Regardless of the size or the number of the bubbles, those suckers stay stuck until they dissolve. If they grow incredibly large - the extra will just get pushed to the next rung up the ladder.

I suppose it is pretty to see the tiny bubbles slowly float up the ladder, but they eventually get to the top; and then go - bye bye!

I want those suckers stuck down there until they are done doing what I want them to do - DISSOLVE!

Stay right put - and feed my plants!!!


----------



## BrianK (Feb 11, 2006)

How long have you been using the system? I used one for a little while. During the first couple of days, the bubbles would go all the way up like you said, but that was for a short period. After a couple days, the bubbles would dissolve fairly fast, so by the time each bubble got halfway up the ladder, it was very small and slowed down to a stop. I got around a bubble every seven seconds and once the system got in its groove, it didn't waste any CO2.

The system wasn't enough for me anyway so I moved to pressurized.


----------



## Jimbo205 (Feb 2, 2006)

*Nutrafin CO2*

That sounds very nice.

Right now, I am trying to blast my tank with everything that is good for the plants!

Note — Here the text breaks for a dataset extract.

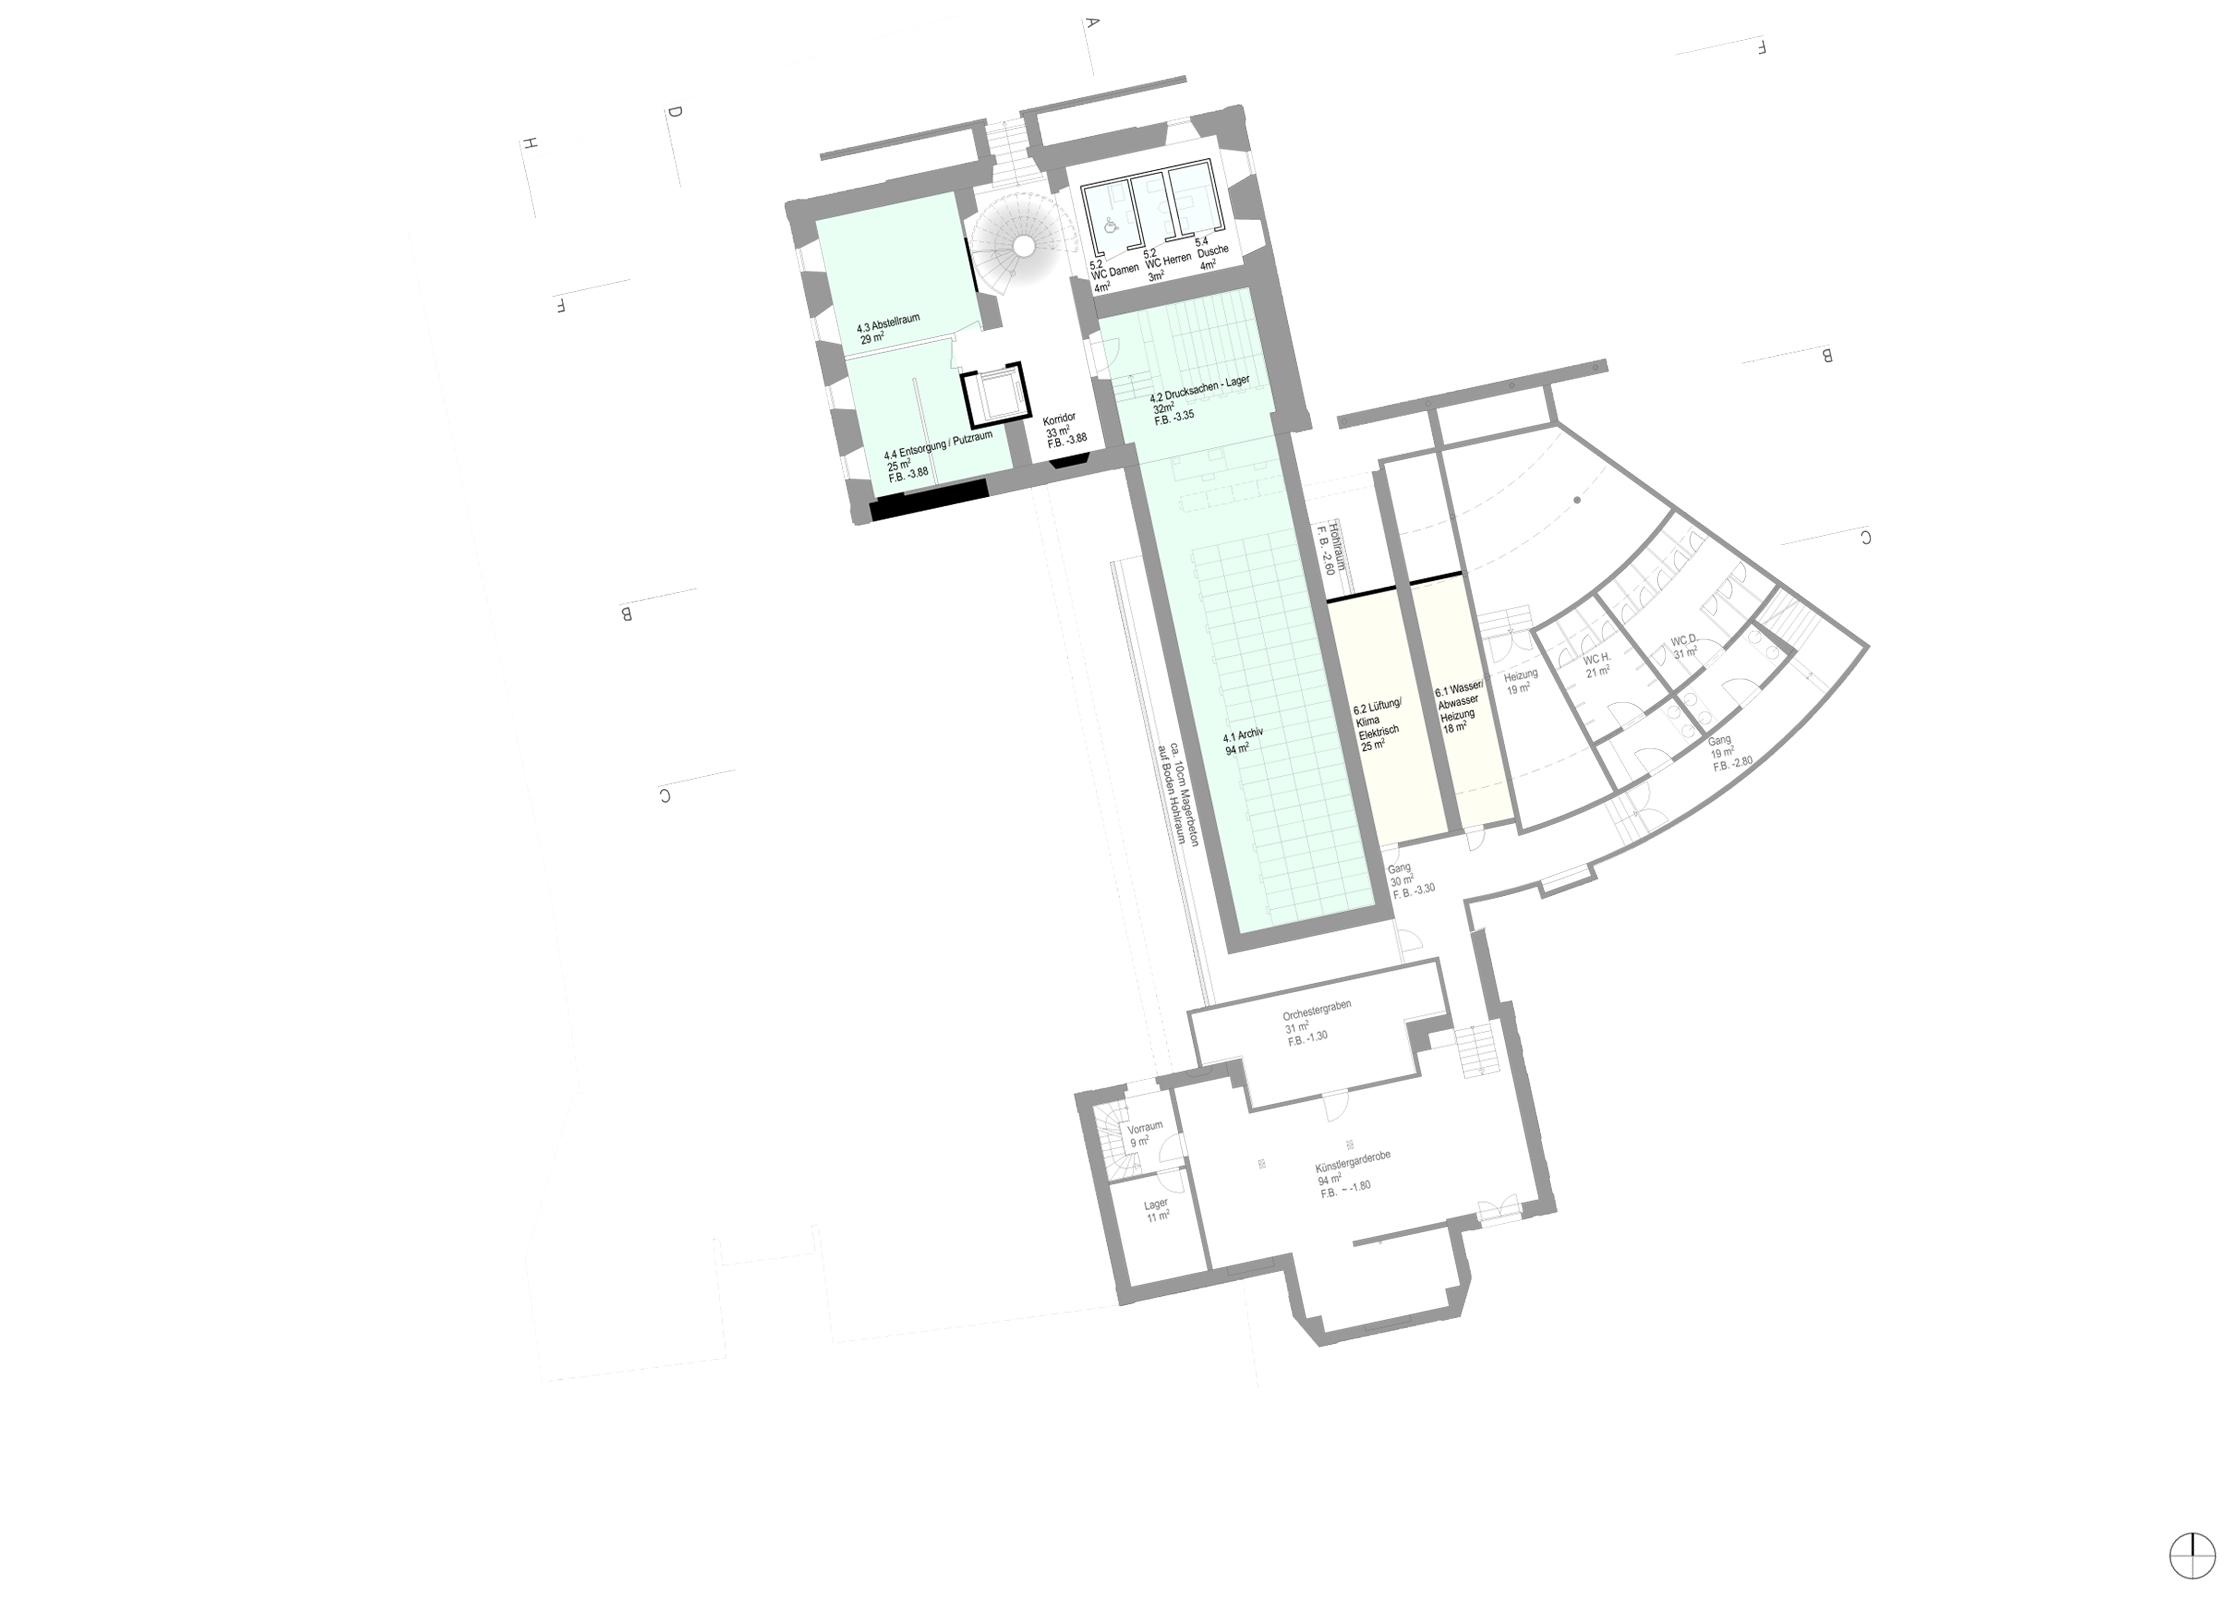 Gemeindeverwaltung Beinwil am See, Eggenspieler Architekten AG

By the way, have you heard anything negative about the Bio-wheel and plants and CO2?

I have 4-6 Mollies, Seachem Onyx Gravel and roughly 100 watts of light in the tank. Someone told me that the bio-wheel can gas out the CO2.

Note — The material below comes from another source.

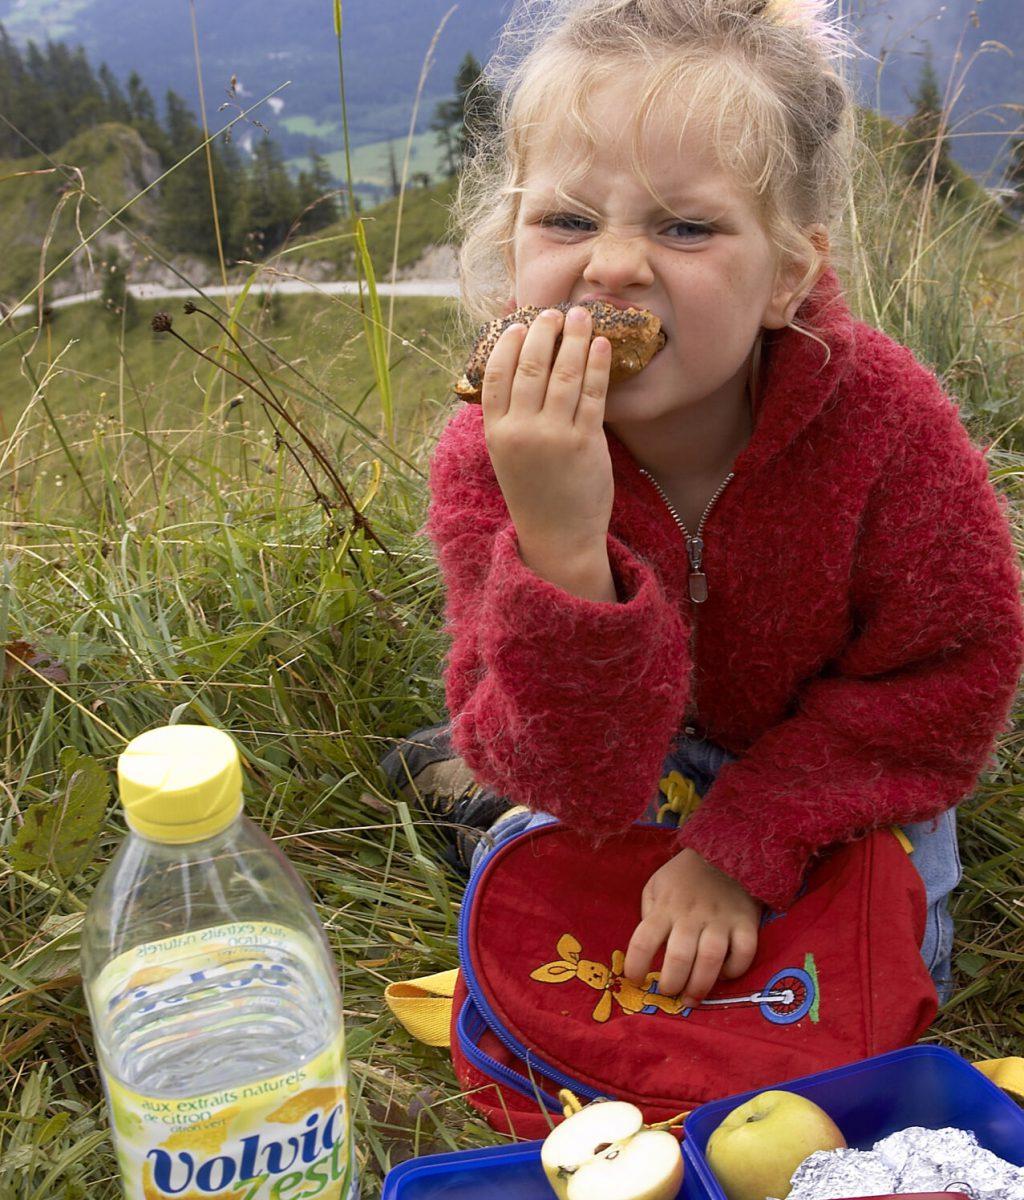 ©Bettina Brinkmann/MAXPPP - Montreuil  le 09/08/2006 - ILLUSTRATION enfant et nourriture   ****AUTORISATION OK****

Do some people have the filter shut off at night time while the lights are timed to be shut off?

Suggestions are welcome.

I just always liked the Bio-wheel filter so much. Never would have thought it would have been bad. But then again, it seems like ALMOST EVERYTHING that you learn for a fish tank you have to UNLEARN for a plant aquarium tank.

What do you think?


----------



## neonfish3 (Feb 12, 2004)

Sorry
Yes, the bio-wheel is bad for a CO2 injected tank.
If it was possible I would turn the bio-wheel off at the daytime, not the night, but leave the filter running 24/7. I don't think you can do that.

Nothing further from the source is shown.